Ultimately, when Warner Bros. announced that they were developing a big-screen adaption of Batman for release in 1989—and the hot new director Tim Burton had been signed on to direct it—comic book fans the world over were abuzz with excitement.
Unfortunately, that excitement didn’t last long. Initially, many established action stars and Hollywood A-listers were attached to play Batman, including Kevin Costner, Mel Gibson, Harrison Ford, Charlie Sheen, and Tom Selleck. Burton himself wanted to cast Pierce Brosnan, but he turned the role down claiming he didn’t want to play a comic book character. Eventually, the role went to Michael Keaton, who had recently starred in Burton’s spooky 1988 comedy, Beetlejuice. But when Keaton’s casting was announced, the prospect of having an actor who was chiefly known for his comedic roles take on the infamously gloomy Caped Crusader left a great many Batman fans feeling disappointed and angry.

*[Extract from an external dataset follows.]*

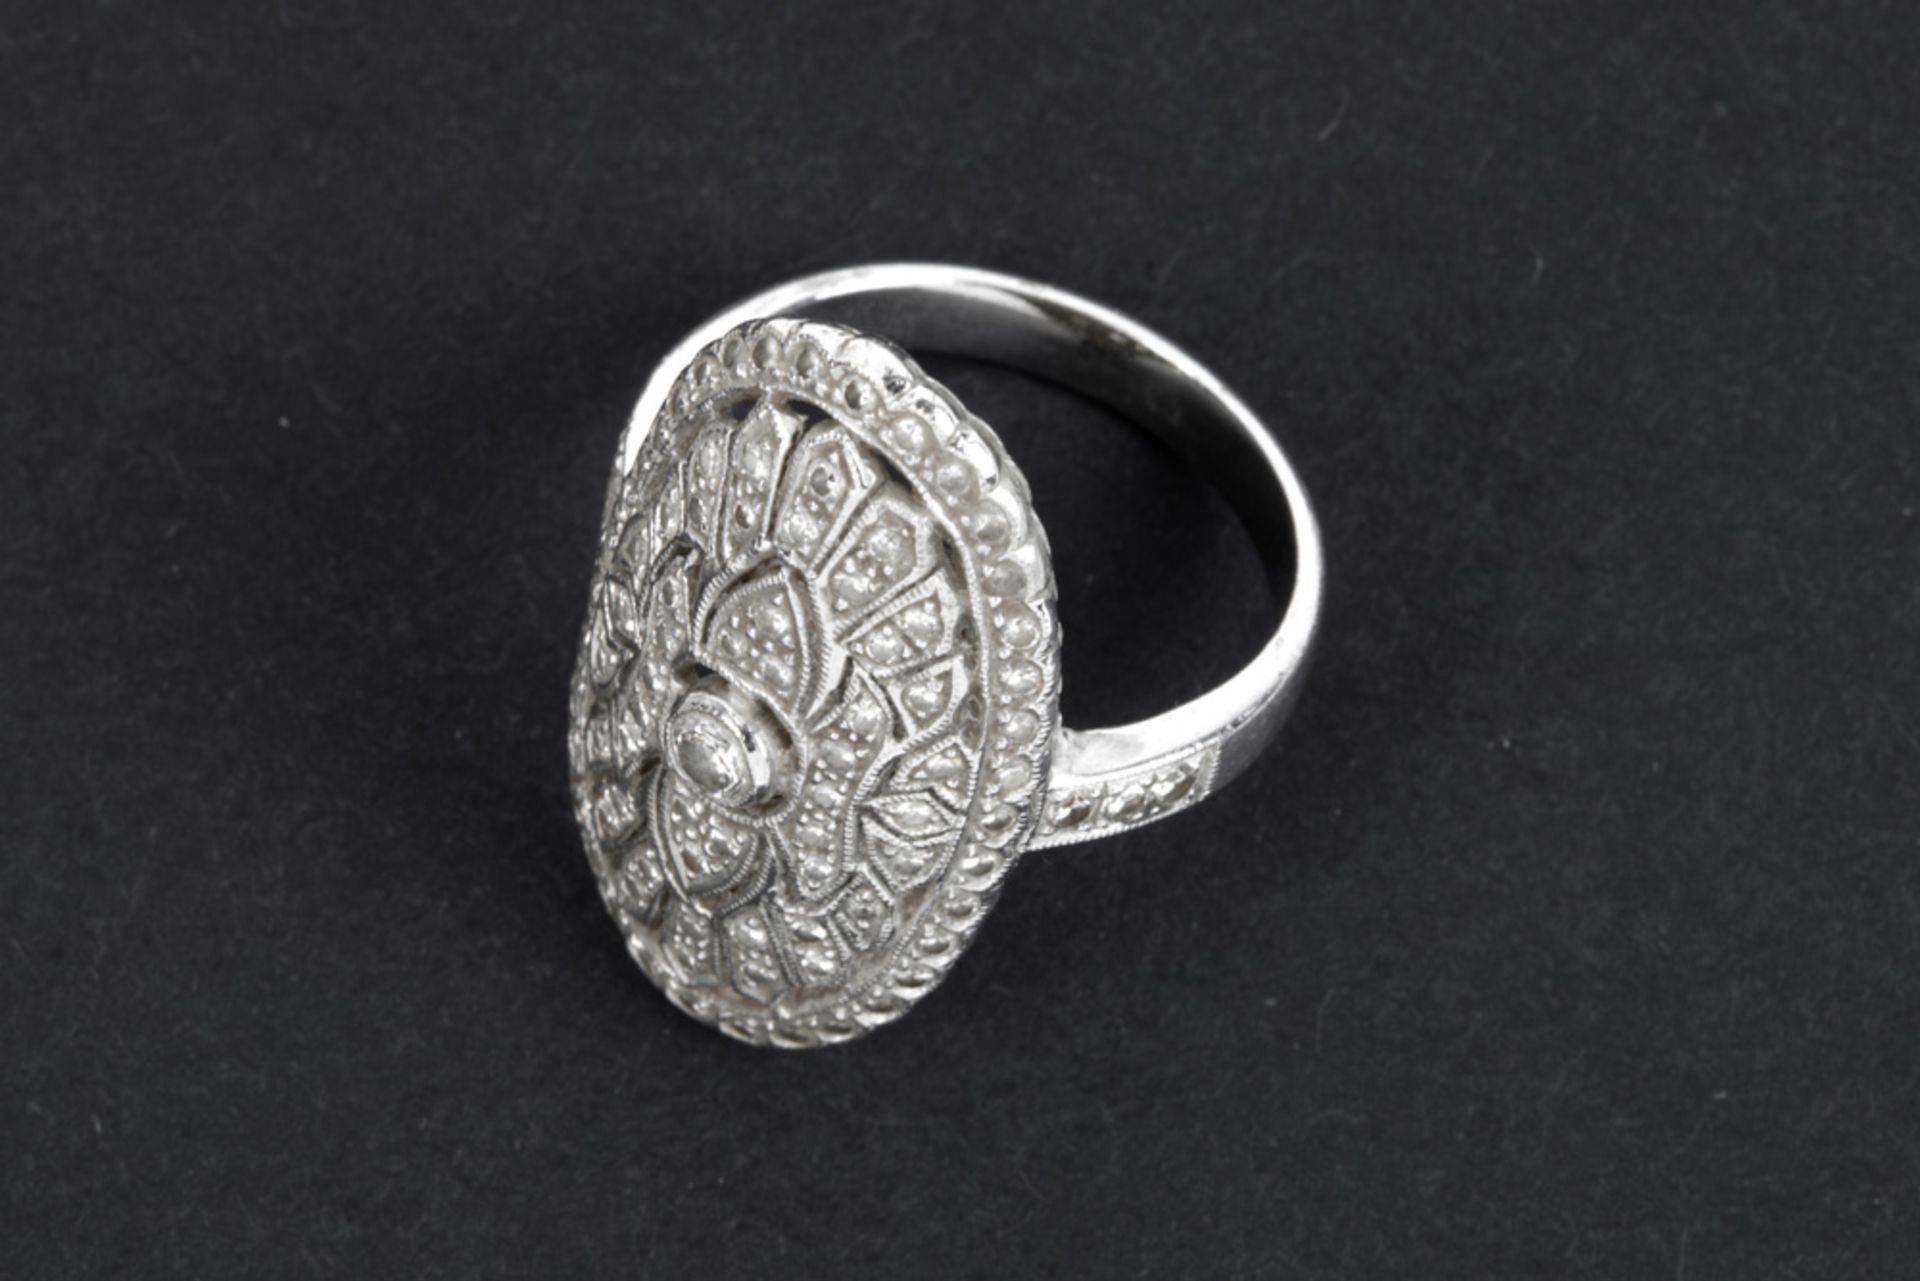 Edwardian style ring in grey gold (18 carat) with ca 0,65 carat of high quality brilliant cut - Image 2 of 2

Some 50,000 letters of complaint promptly arrived at Warner Bros. studios, as comic book readers around the world expressed their distaste at Keaton’s involvement. “Obviously, there was a negative response,” Burton later recalled. “I think they thought we were going to make it like the 1960s TV series, and make it campy, because they thought of Michael Keaton from Mr. Mom and Night Shift, and stuff like that.” Burton, however, had a different and decidedly darker vision in mind.
When the letters of complaint became too much to bear, producer Jon Peters took matters into his own hands and rushed together a short trailer—little more than a montage of clips, with no music—and released it to cinemas. Seeing the dark and atmospheric direction Burton had taken the story instantly silenced his critics, and anticipation started to build.
The film went on to gross more than $400 million at the box office and was followed by three sequels.